Still, some CEOs at the largest companies do hit the upper echelons year after year:

  • CEO Tim Cook at Apple hit 2nd place in 2022 and 6th place in 2023, according to Equilar
  • CEO Satya Nadella at Microsoft claimed the 6th spot in 2022 and the 9th spot in 2023, says Equilar.
  • CEO Hock Tan at Broadcom took 4th in 2022 and 1st place in 2023.

Many executives have packages that pay out higher equity bonuses if the stock itself does well. So CEOs get to earn more shares of stock at a higher price, if shareholders do well. That kind of alignment can be attractive from a governance perspective if it’s well-structured, but it also means many executives can wind up with utterly enormous pay packages in a given year.

Of course, equity compensation can be the pay that keeps on paying. If the company’s stock continues to rise in subsequent years, CEOs stand to benefit from that as well. Nvidia CEO Jensen Huang, for example, has seen his equity compensation balloon over the last two years, as the semiconductor company fills record orders for its AI chips and the stock skyrockets.

So CEO compensation is different from the pay of average workers not only because of the massive amounts at stake but also due to how it’s structured.

How to use CEO compensation to invest better

Beyond just admiring – or disdaining – these gaudy pay packages, looking at CEO comp can help investors anticipate how a stock may perform.

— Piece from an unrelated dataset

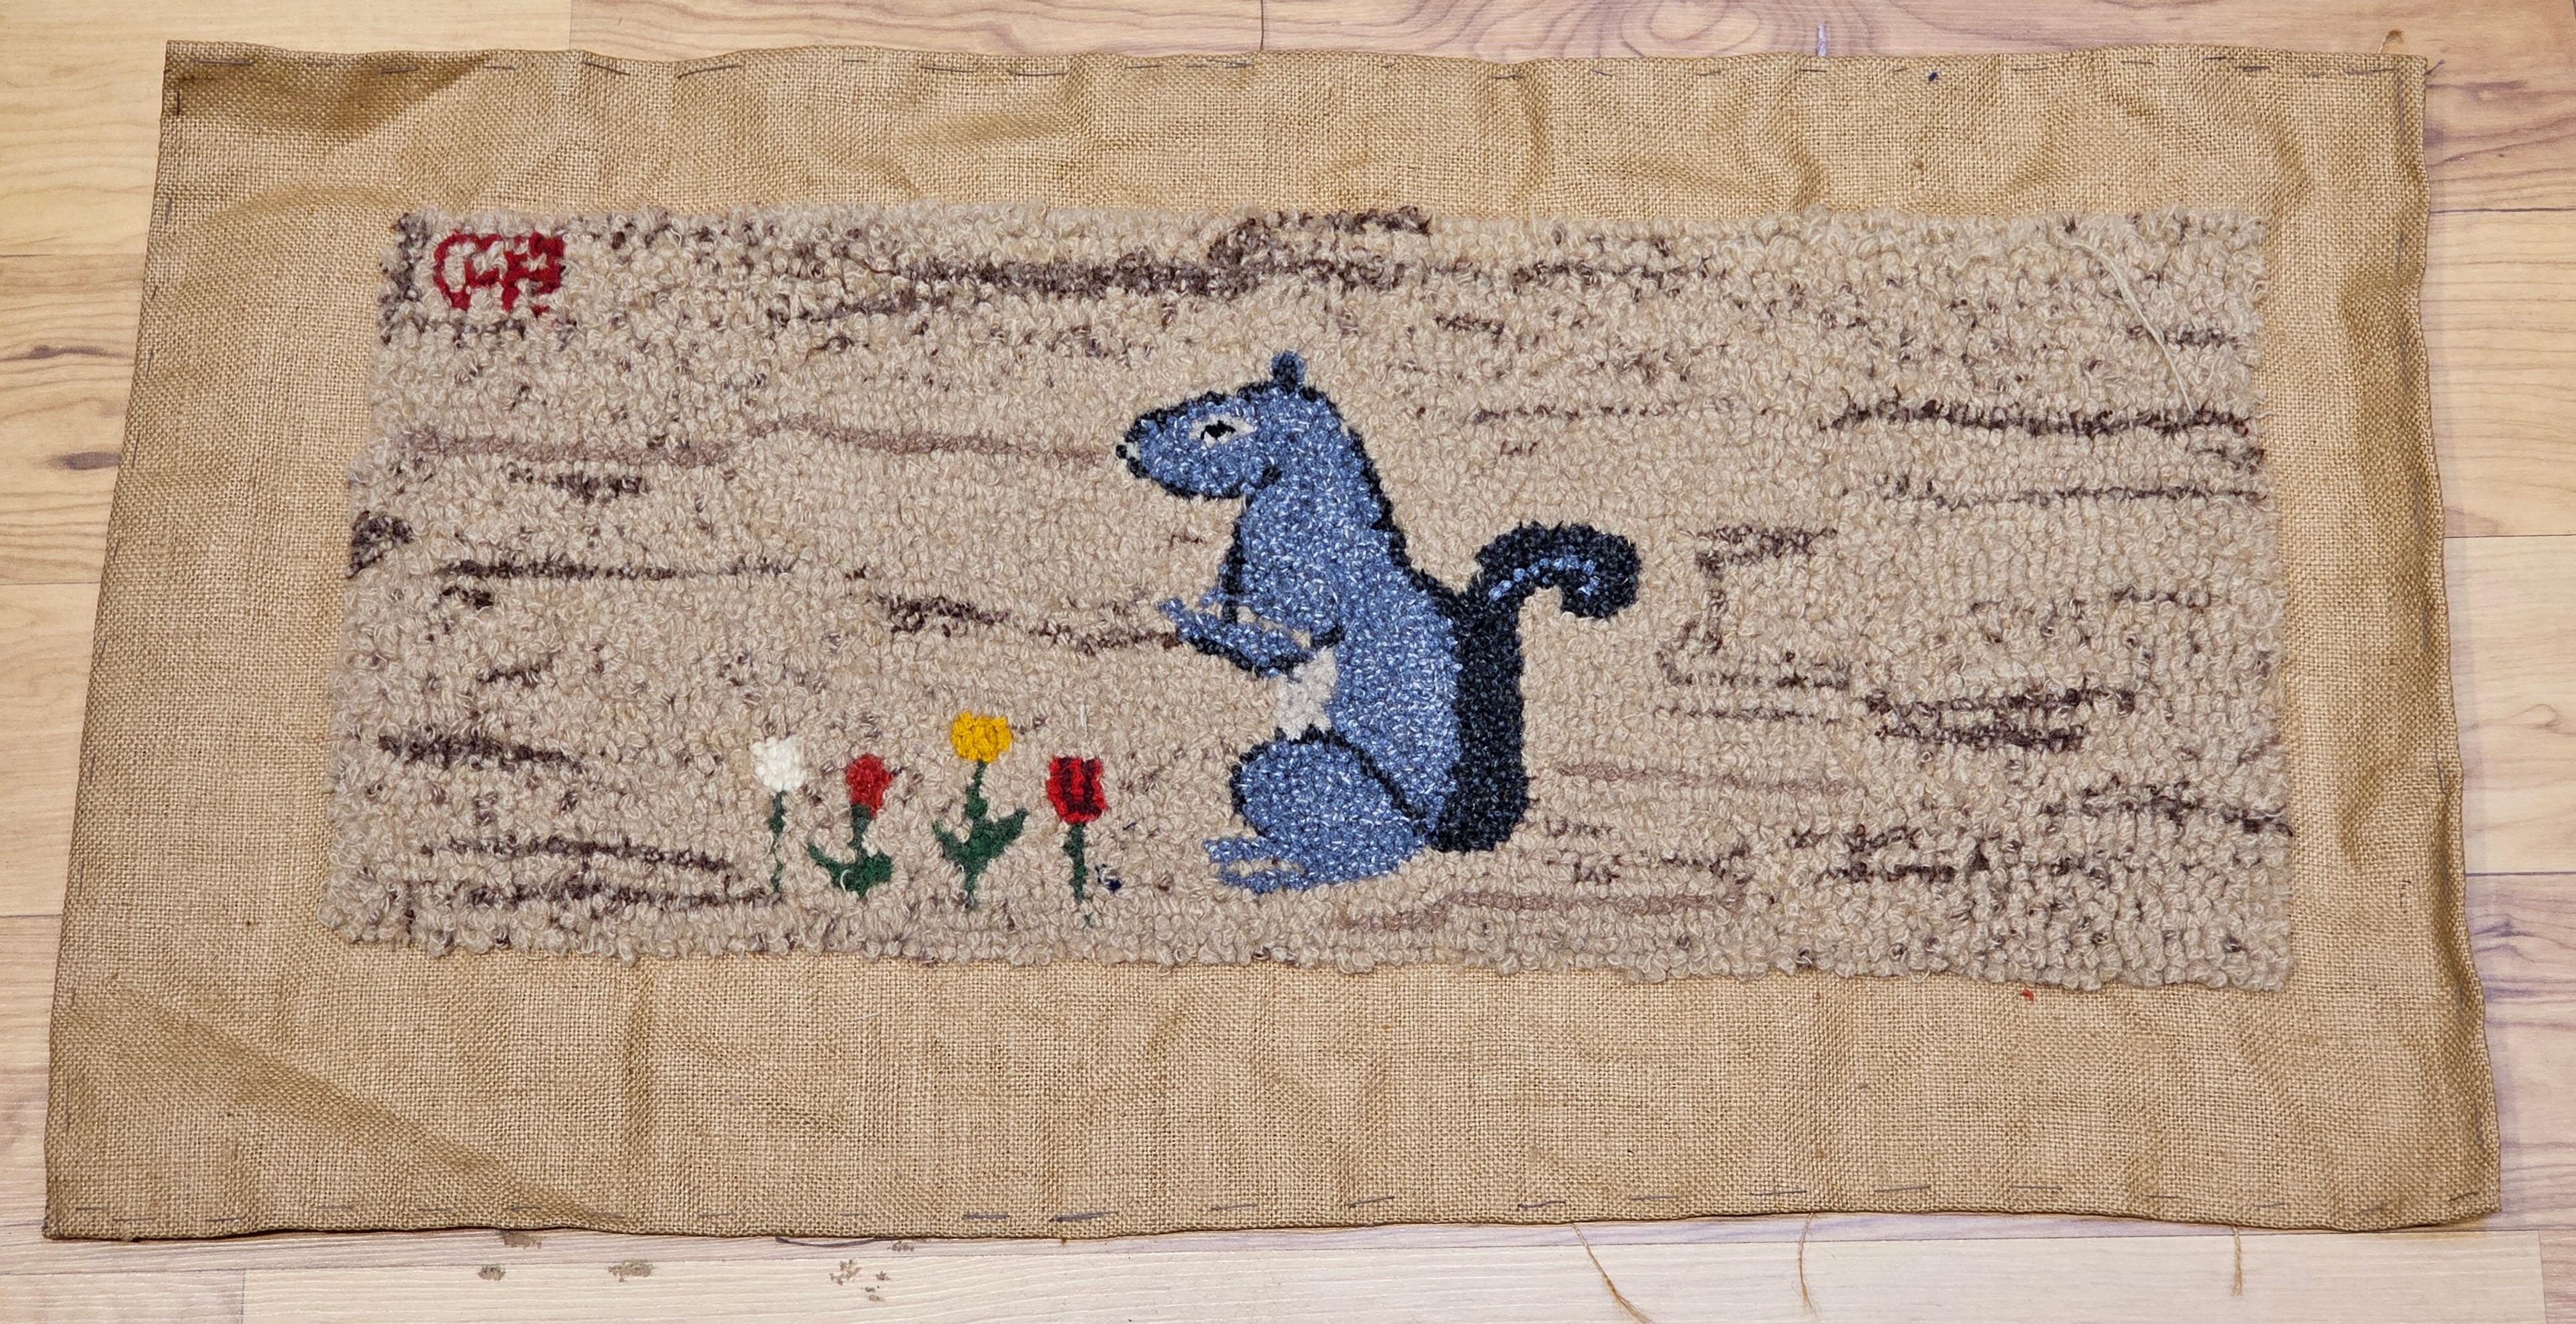 Vintage American  hand hooked rug in a wonderful depiction of a standing squirrel and looking out design.  The rug has a delightful design and colors including Khaki background and design colors of  lavender red, green, yellow and white.    We are

One good place to begin is actually analyzing these CEOs’ pay packages to see what they’re being paid to do. The structure of their compensation can be a good signal to judge how a CEO is going to act and the type of decisions that might be made:

  • CEOs may be paid based on specific financial metrics that do not always align with investors’ best interests. For example, some execs are rewarded to grow the company at any cost, regardless of whether it’s good for the company or investors.
  • Execs may be compensated based on how the stock performs, meaning they may be incentivized to do what moves the stock higher – a potentially good sign for investors.
  • CEOs may be rewarded if they sell or spin off a division, so investors may anticipate that kind of action and prepare accordingly.
  • Companies that award CEOs their performance-based compensation regardless of performance may be good companies to steer clear of.
  • CEOs who consistently earn exorbitant pay relative to the firm’s profit can be a useful sign that the stock will be a poor investment until a change in management happens.

You can investigate CEO compensation in a company’s annual proxy filing on Form DEF 14A, which many top brokers link to in their research.

Bottom line

While these pay packages may be reserved for CEOs, average Americans can still earn returns from America’s top-performing stocks – the same as executives. The structure of a CEO’s pay can be a good place to understand how a stock may perform and how a CEO may act.